As far as the horror element went, I found it lacking. The creature is appropriately havoc-inducing when it is introduced to the people on the banks of the Han River, but quickly becomes a beastie that seems to have an agenda. That would be awesome if it were true, but beasties don't get to have agendas. So it becomes a monster that has several filler scenes and can't figure out an efficient or logical way of killing the inhabitants of the film world it is destined to kill.
I was more than a little surprised by how anti-American the film was, though in a mild way. The beastie is the result of an American doctor deciding it was a good idea to dump toxic materials down the drain (and thus into the local river). Then again, there is some heavily implied that there were Koreans who were also complicit in these activities.
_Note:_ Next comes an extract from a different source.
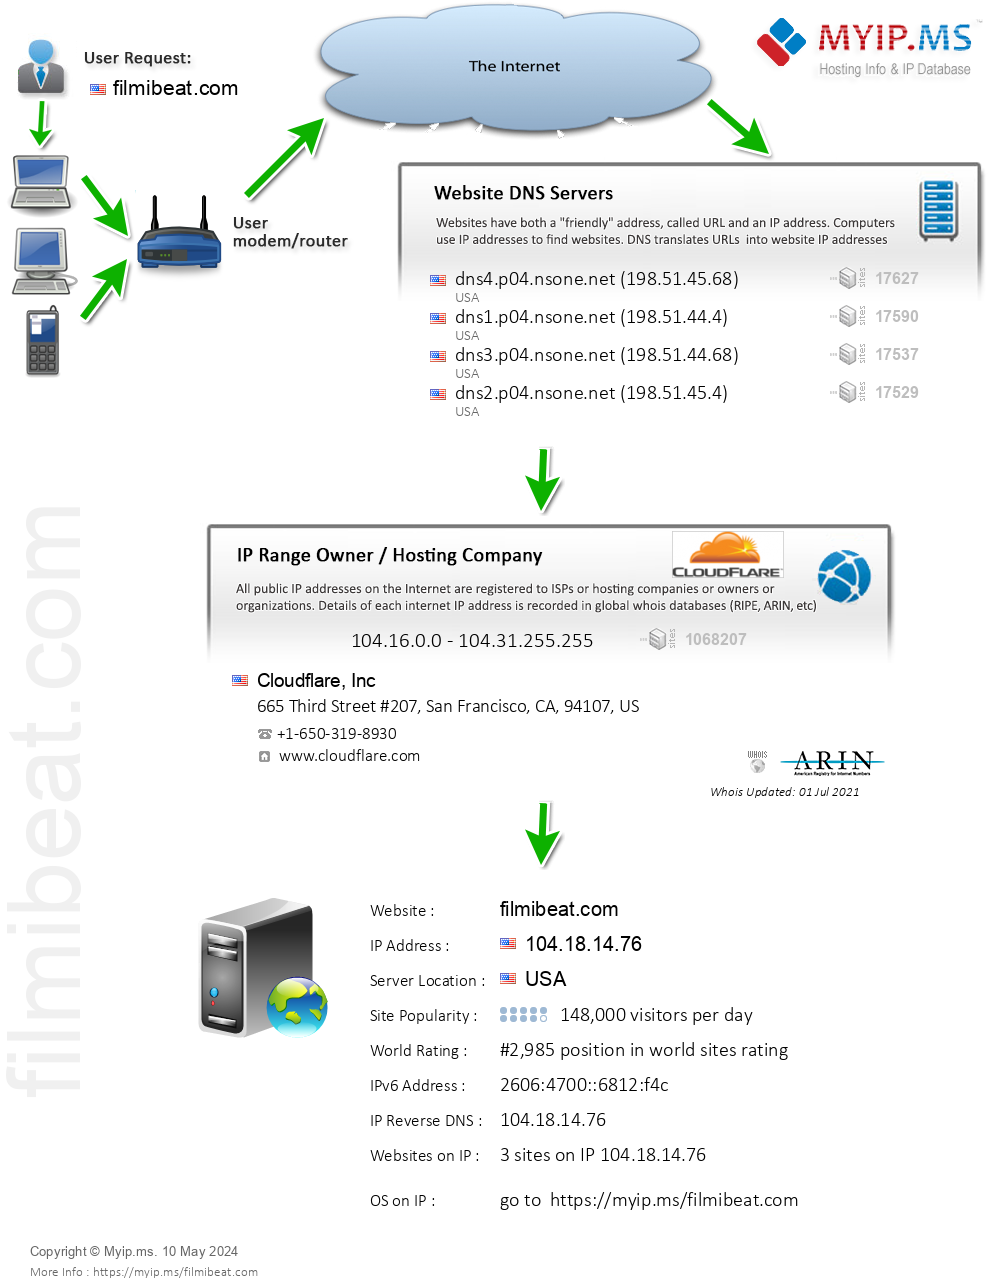 Filmibeat.com - Website Hosting Visual IP Diagram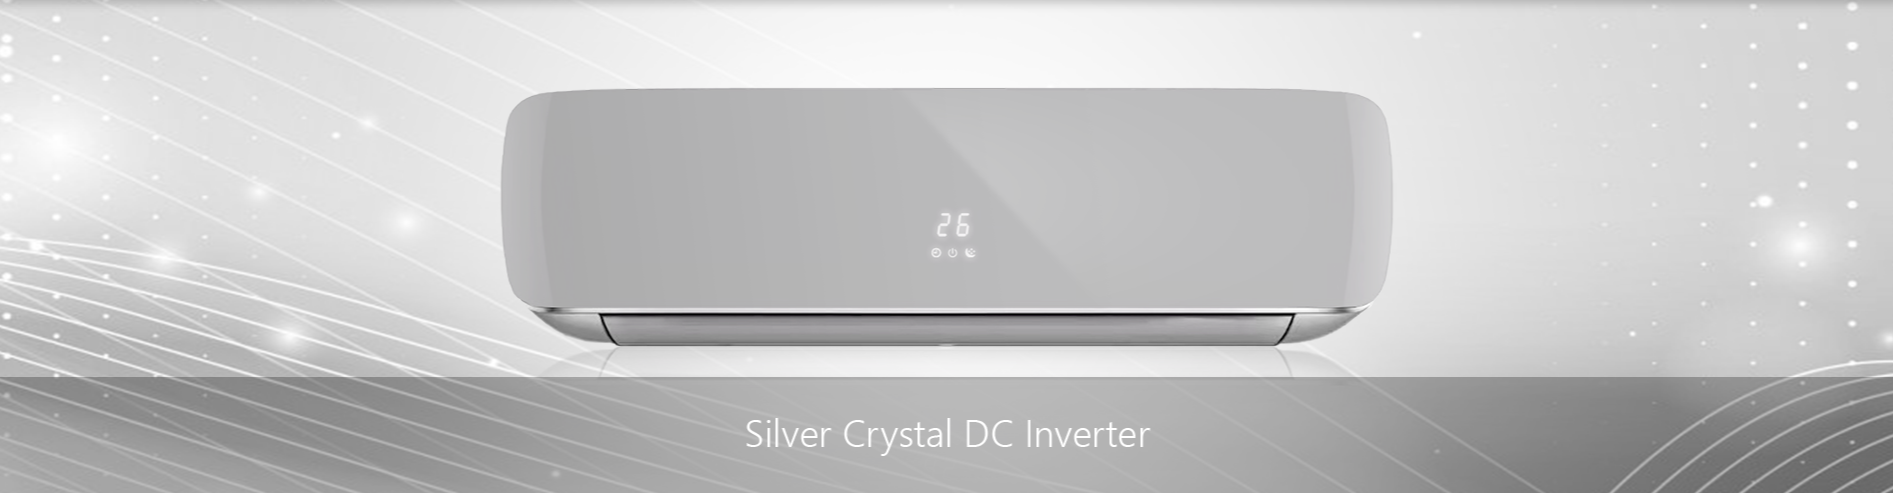 Hisense CRYSTAL SILVER DC Inverter

An American serviceman is first seen as the supposedly heroic foil to Gang-du (Kang-ho Song), but then becomes a means to introduce a type of panic that results in a government crackdown on the people that is supported by the American military and CDC. The Americans are not so much concerned with saving any Koreans from the beastie or some sort of plague that may be spread by the beastie as they are in keeping the oppressive regime in charge (and maybe American troops within the country).
I don't know that I have been as mildly disappointed in a movie as I was with The Host. I have no idea what the people who gave it high praise were thinking or expecting. I am not the type to be so easily impressed that a foreign film has a budget of more than $100,000. While I may be missing out on so much by not being fluent in Korean (though I'm betting that the jokes are largely the same as many rely on the physicality of the scenes), I think that the lack of consistent central tone (humor with shades of horror or horror with shades of humor) make it an inherently flawed movie.